Unfortunate Resemblance


M. Piskorski was arrested in Warsaw by "alert policemen" in June 1947. He hadn't actually done anything wrong. However, the policemen thought he was Adolf Hitler.

It was a case of an unfortunate resemblance. Once his true identity was established, he was released.

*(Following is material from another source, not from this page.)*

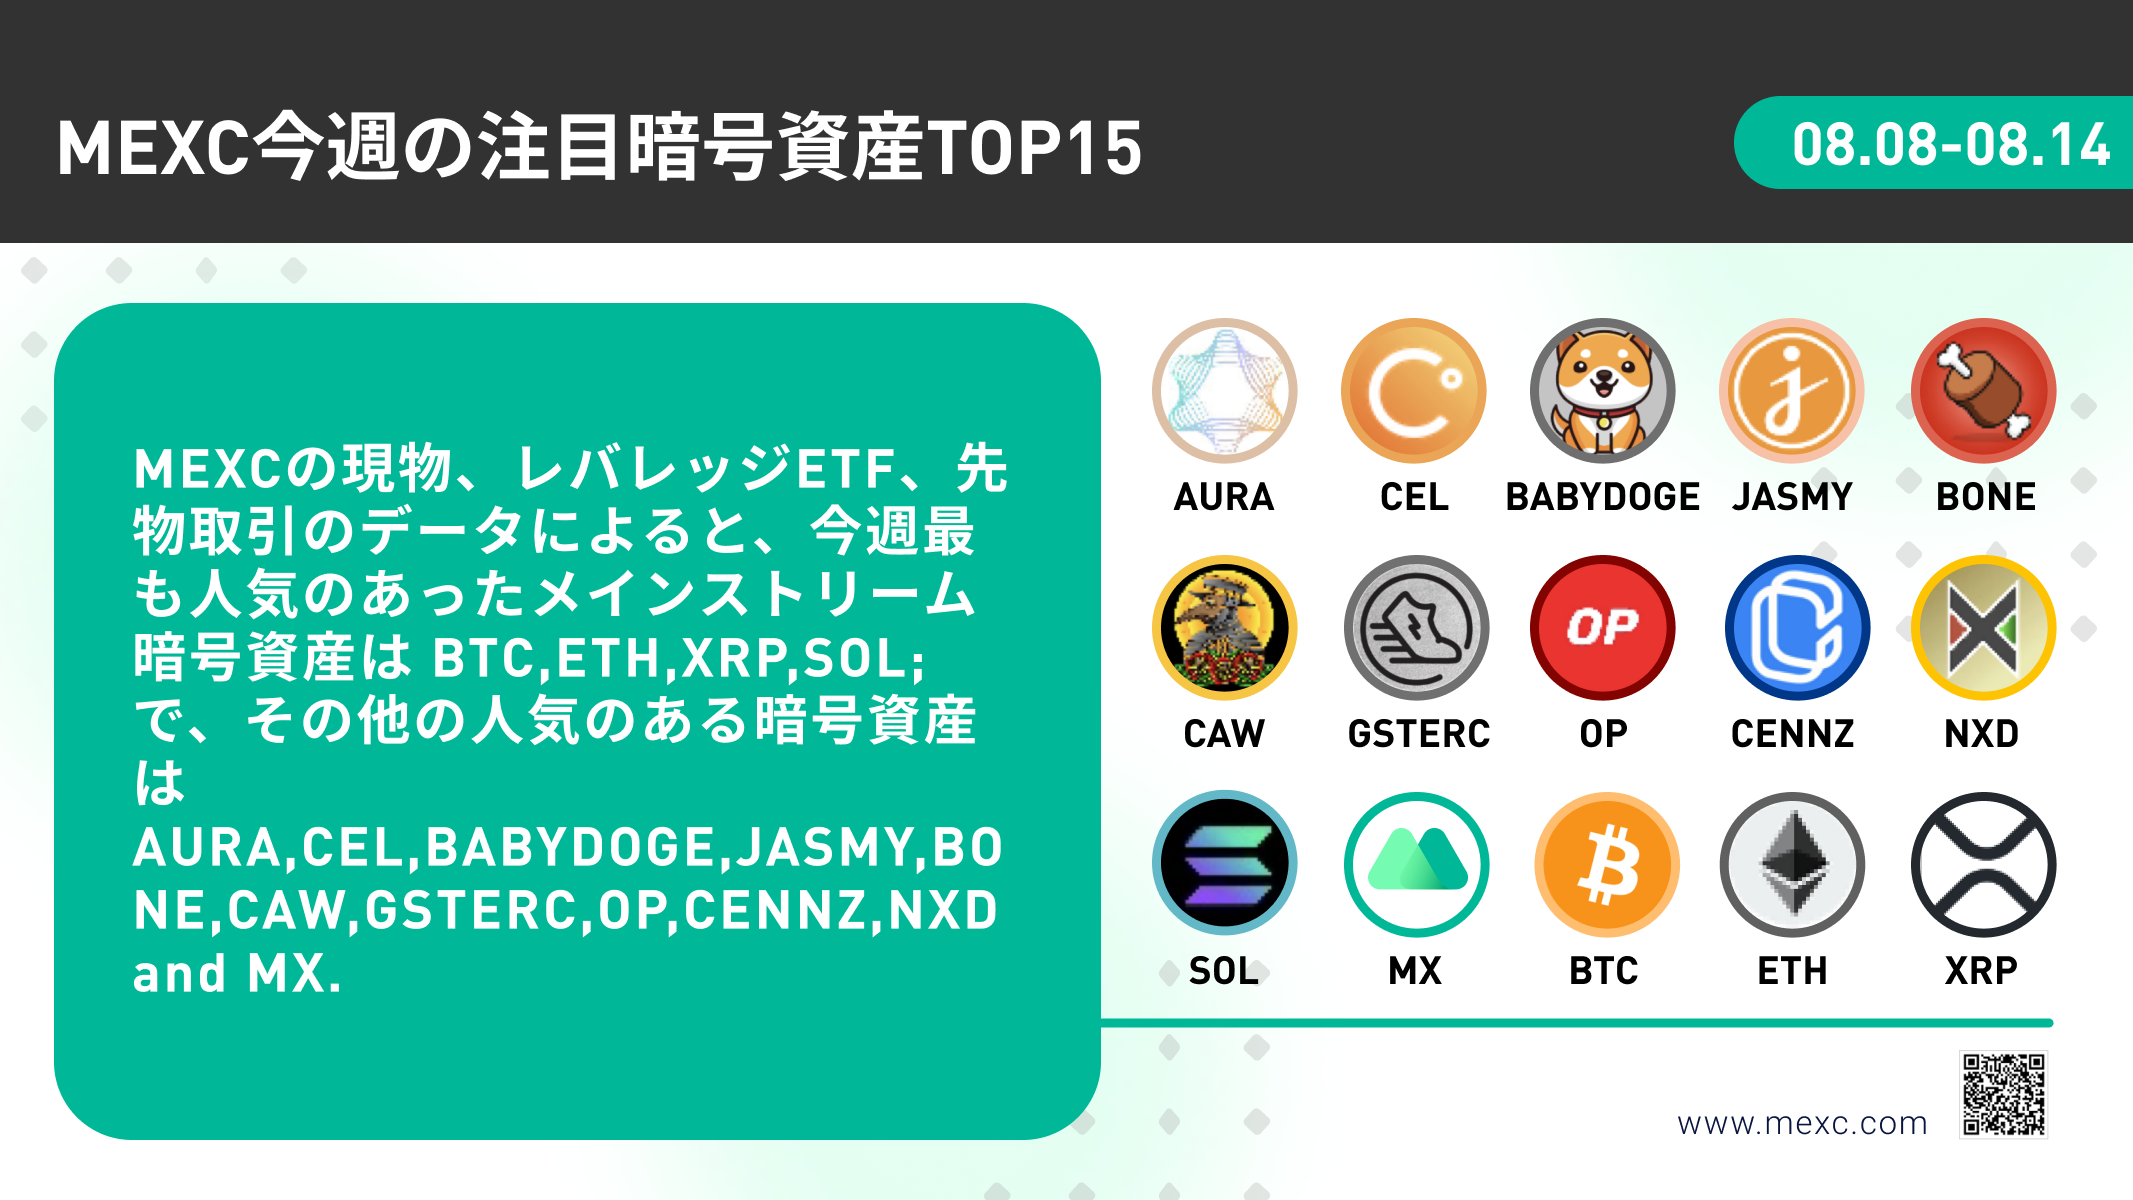 【8/8 – 8/14】過去7日間のMEXC注目銘柄TOP10

Source: Newsweek - June 23, 1947.
     Posted By: Alex - Sun May 25, 2014
     Category: 1940s





Comments
The haircut and mustache didn't help matters.
Posted by Expat47 in Athens, Greece on 05/25/14 at 12:34 PM
I'd bet that ten years earlier in Germany he got an entirely different response.
Posted by crc on 05/26/14 at 05:20 AM
The policemen look to me like Himmler and Goebbels.
Posted by John Ayer on 05/26/14 at 05:34 PM
The Great Dictator (1940)
Posted by Phideaux on 05/26/14 at 07:10 PM
So those "alert policeman" were unaware that Hitler had been dead for awhile?
Posted by Dave Plechaty on 05/29/14 at 02:28 AM
There were enough 'Hitler sightings' even decades after the war ended to keep Jerry Fletcher's news letter full for months on end.
Posted by Expat47 in Athens, Greece on 05/29/14 at 02:31 AM
Dave: in 1947? Hell yes they were. And if they were aware that that was the official story, they'd been close enough to Nazi, Communist
and Yankee propaganda to know not to trust such rumours.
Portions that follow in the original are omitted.